▶ Information supplied:
^^^^^^^^

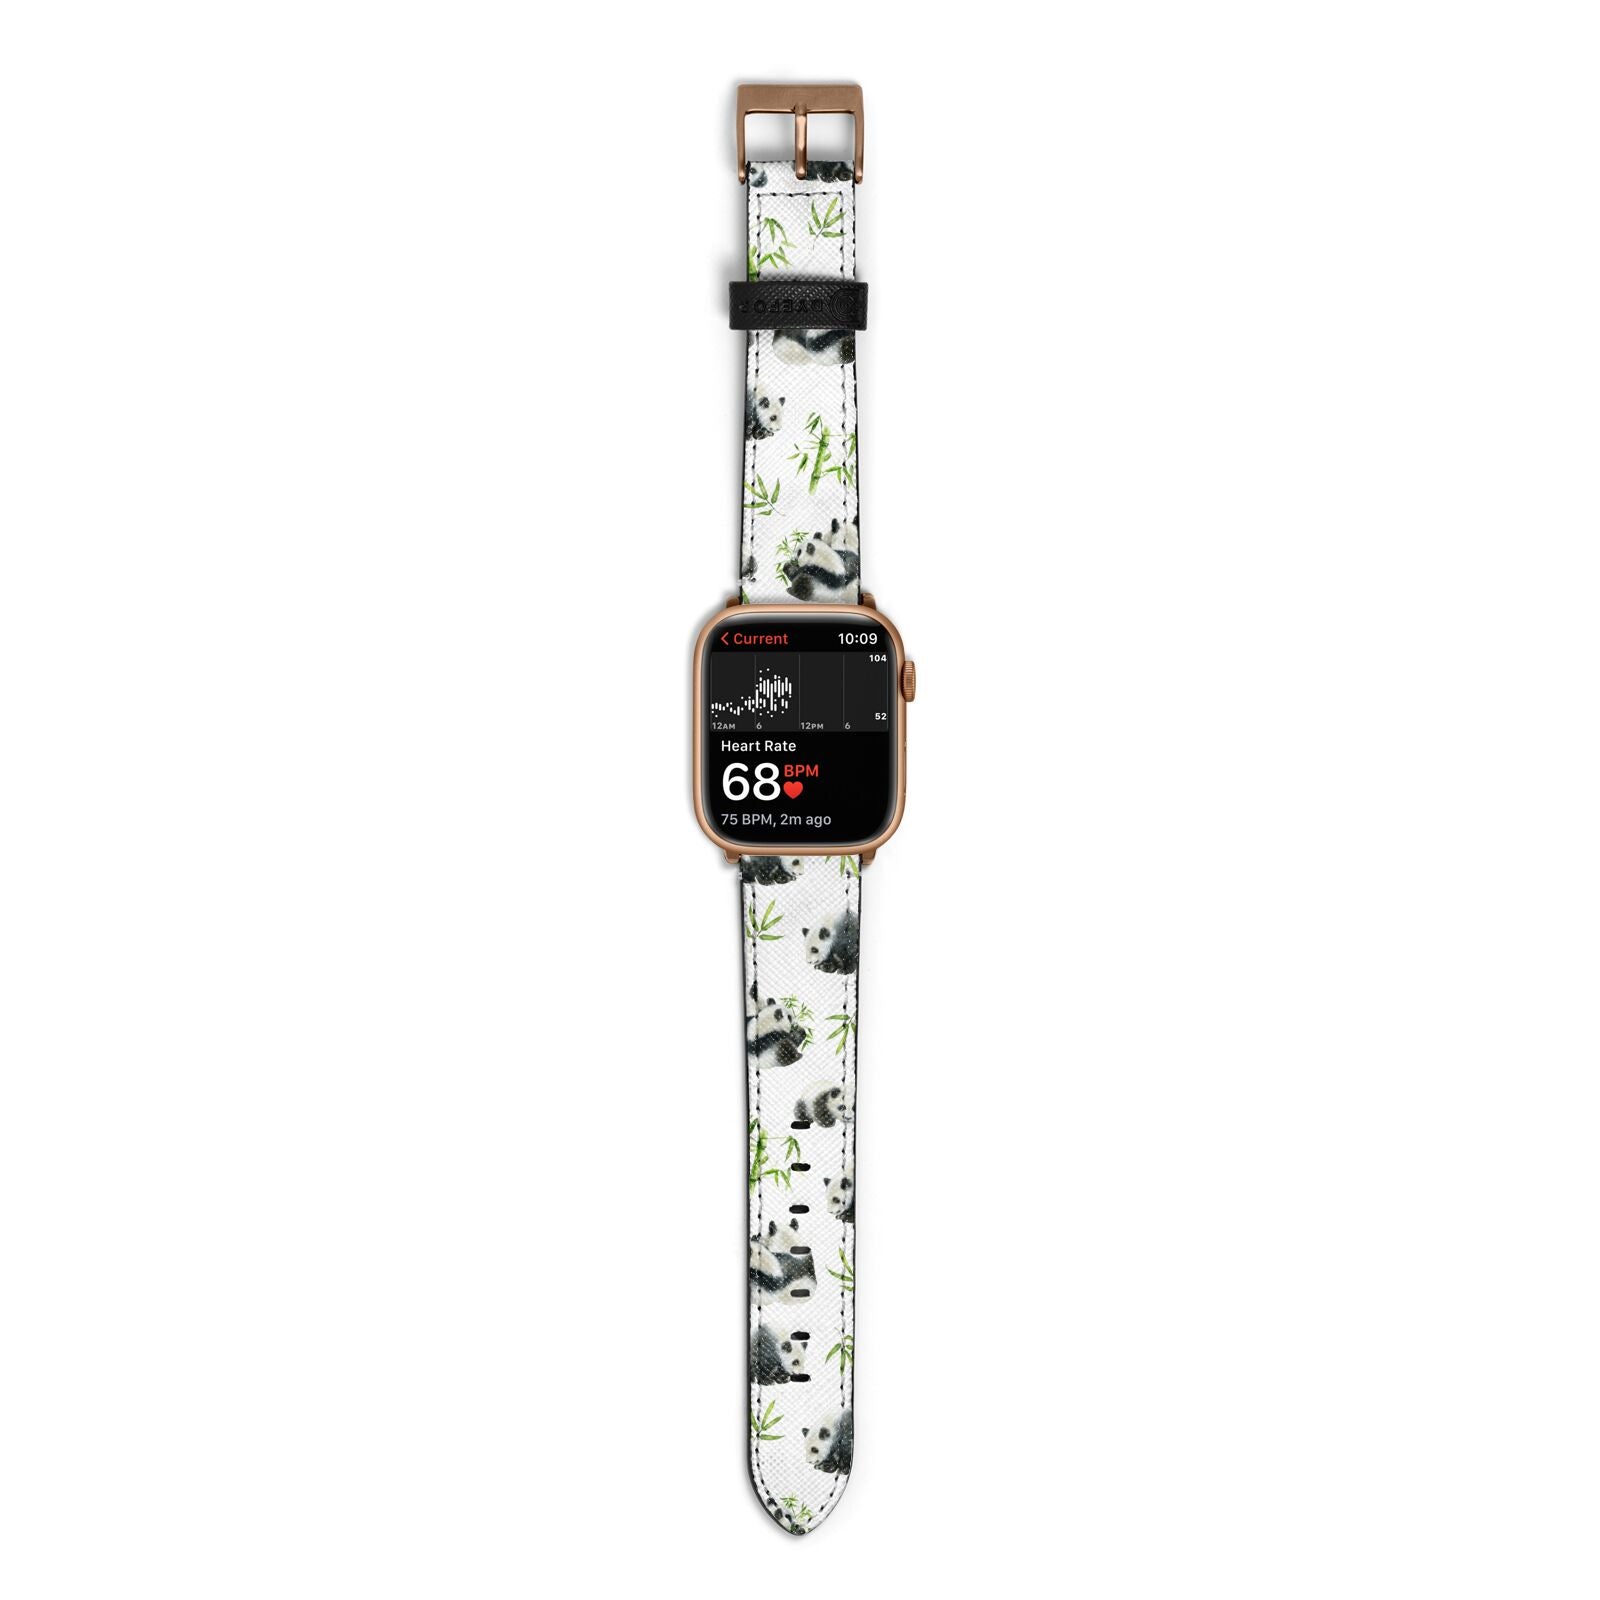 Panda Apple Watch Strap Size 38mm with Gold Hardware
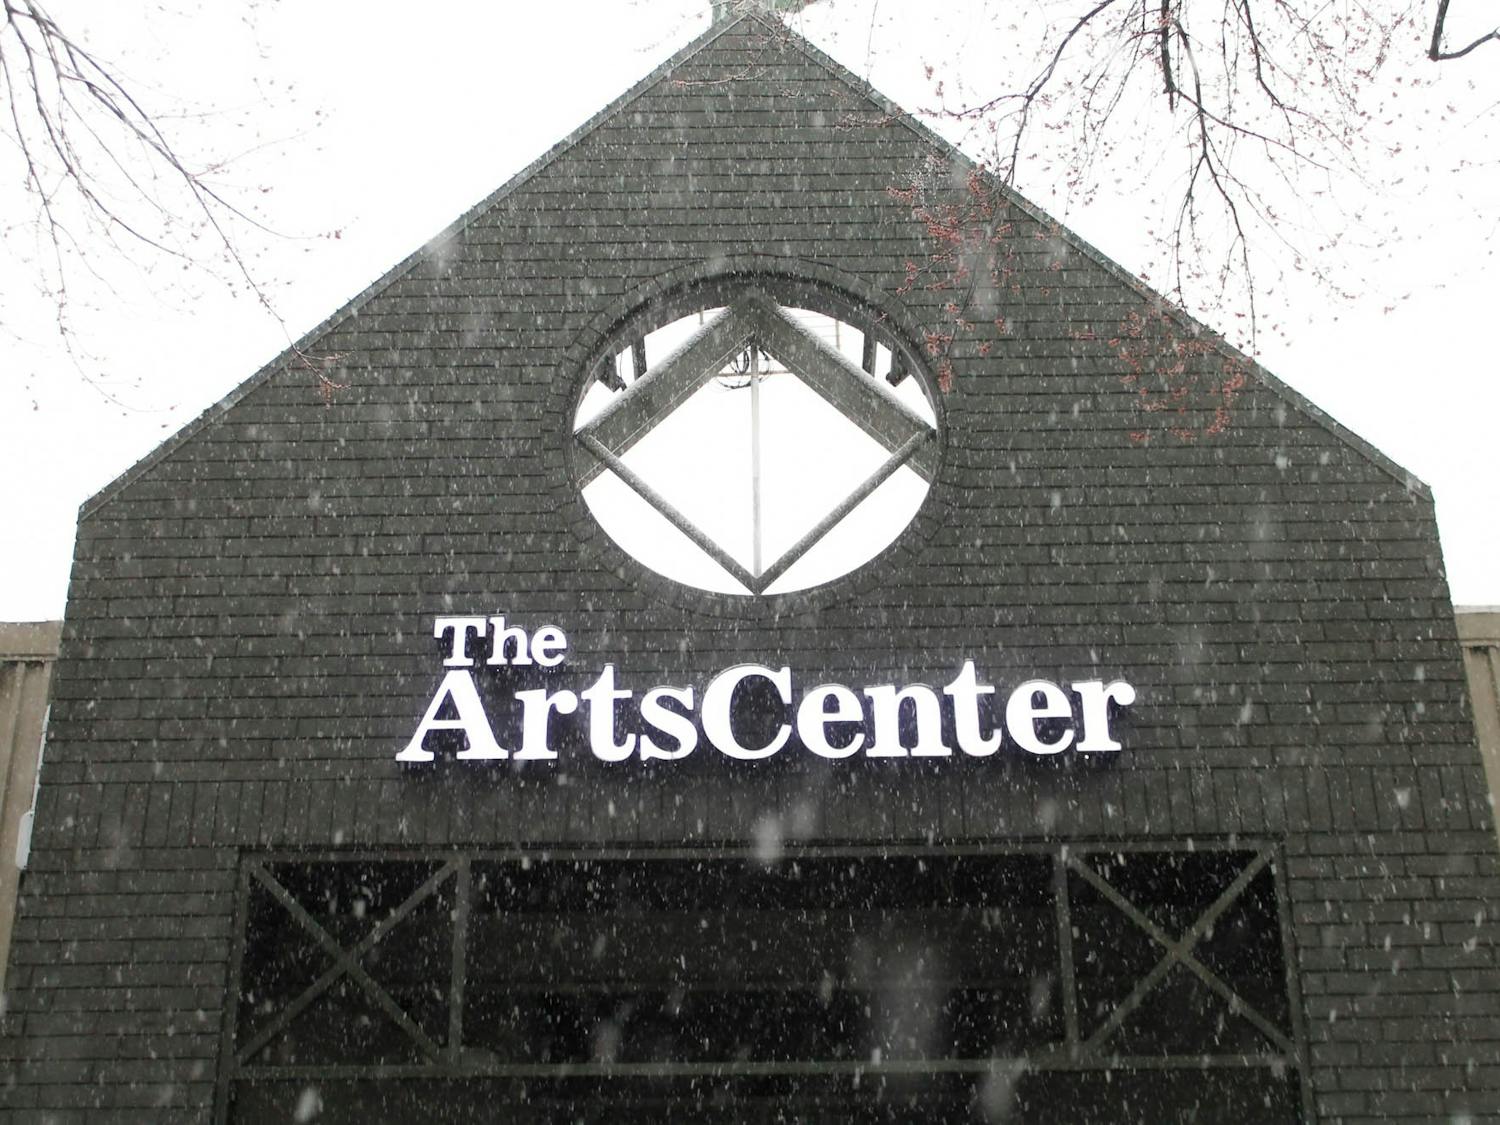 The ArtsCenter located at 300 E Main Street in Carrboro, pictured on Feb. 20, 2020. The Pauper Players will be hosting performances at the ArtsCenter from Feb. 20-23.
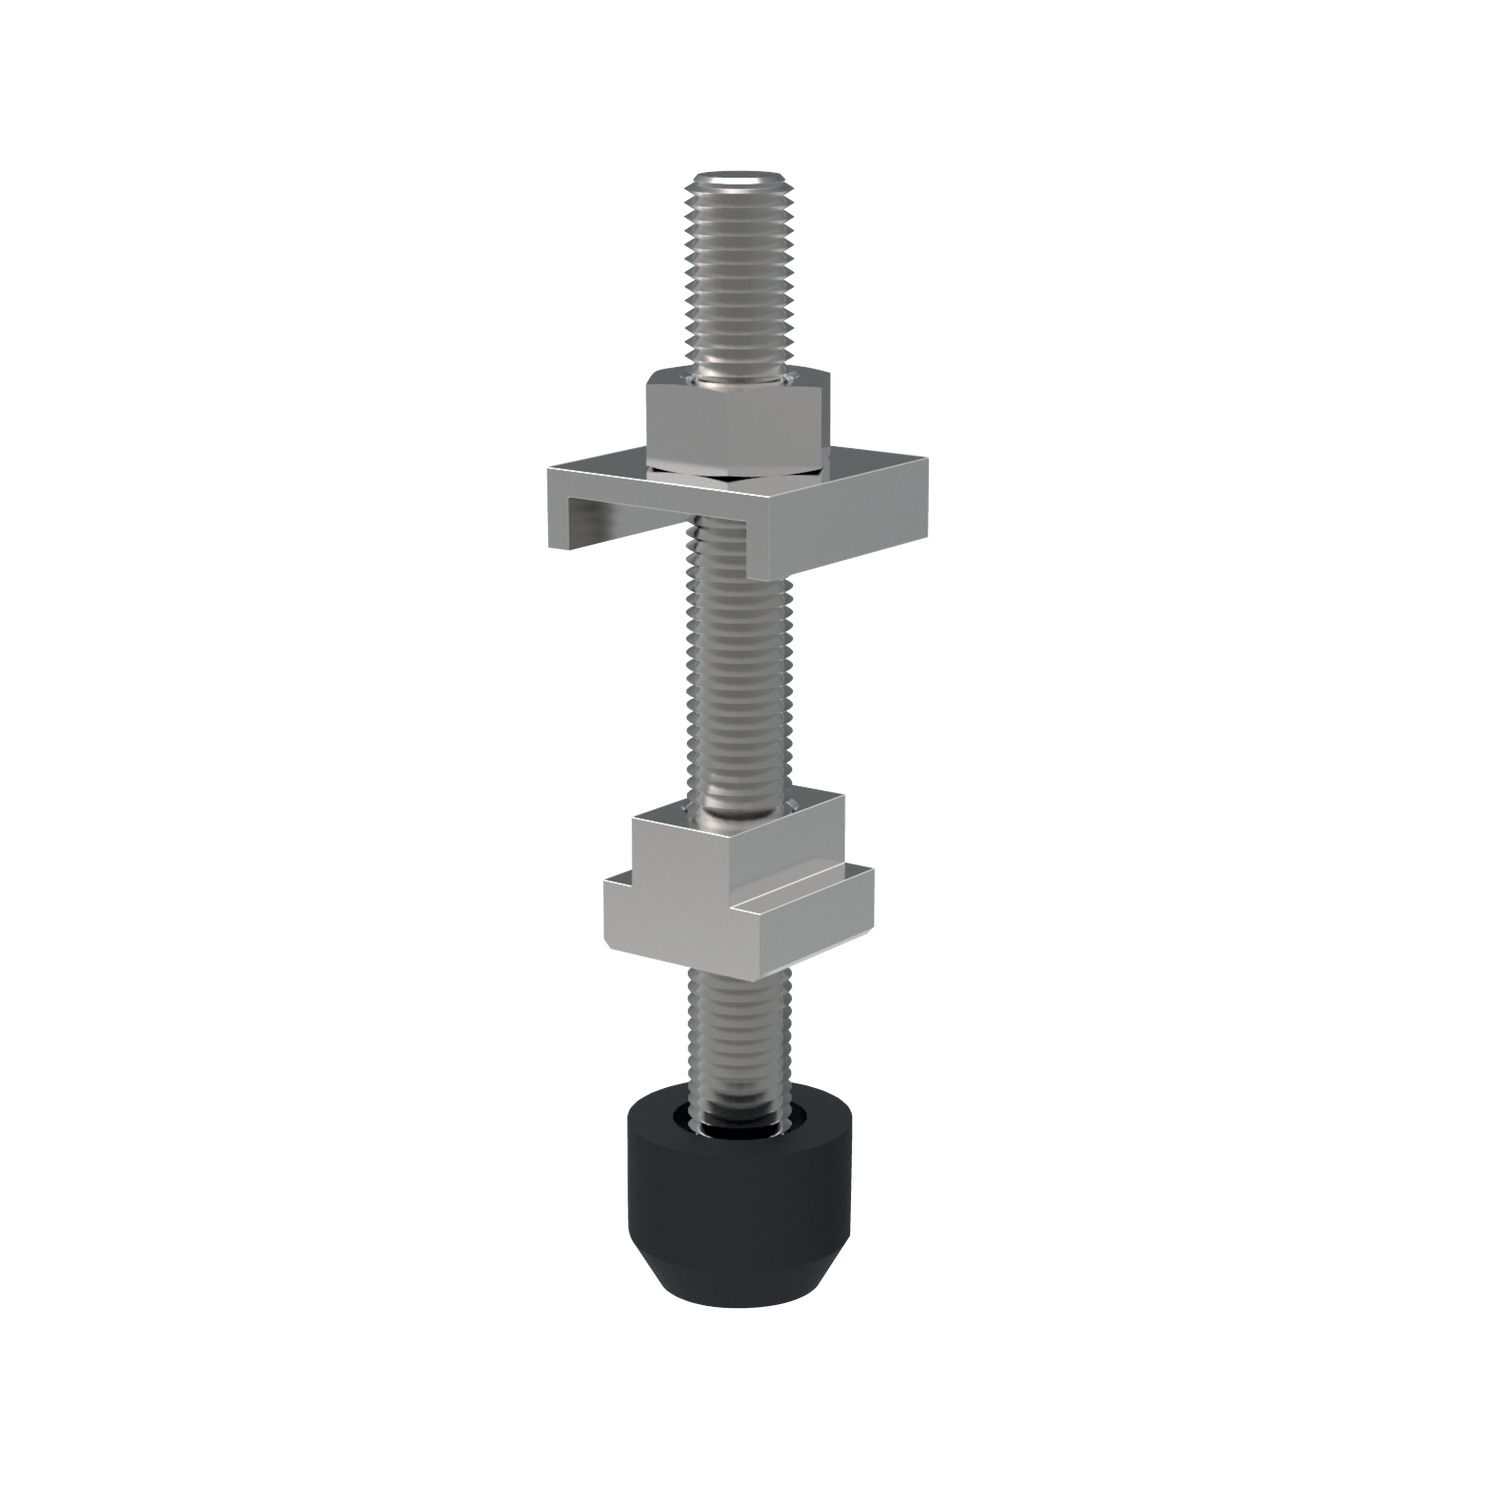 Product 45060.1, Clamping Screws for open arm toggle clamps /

^^^^^^^^

▶ Exercise details:
Each of the lines above should be transcribed exactly; no image is to be copied.

▶ Response area:
 Panda Apple Watch Strap Size 38mm with Gold Hardware
 The ArtsCenter located at 300 E Main Street in Carrboro, pictured on Feb. 20, 2020. The Pauper Players will be hosting performances at the ArtsCenter from Feb. 20-23.
 Product 45060.1, Clamping Screws for open arm toggle clamps /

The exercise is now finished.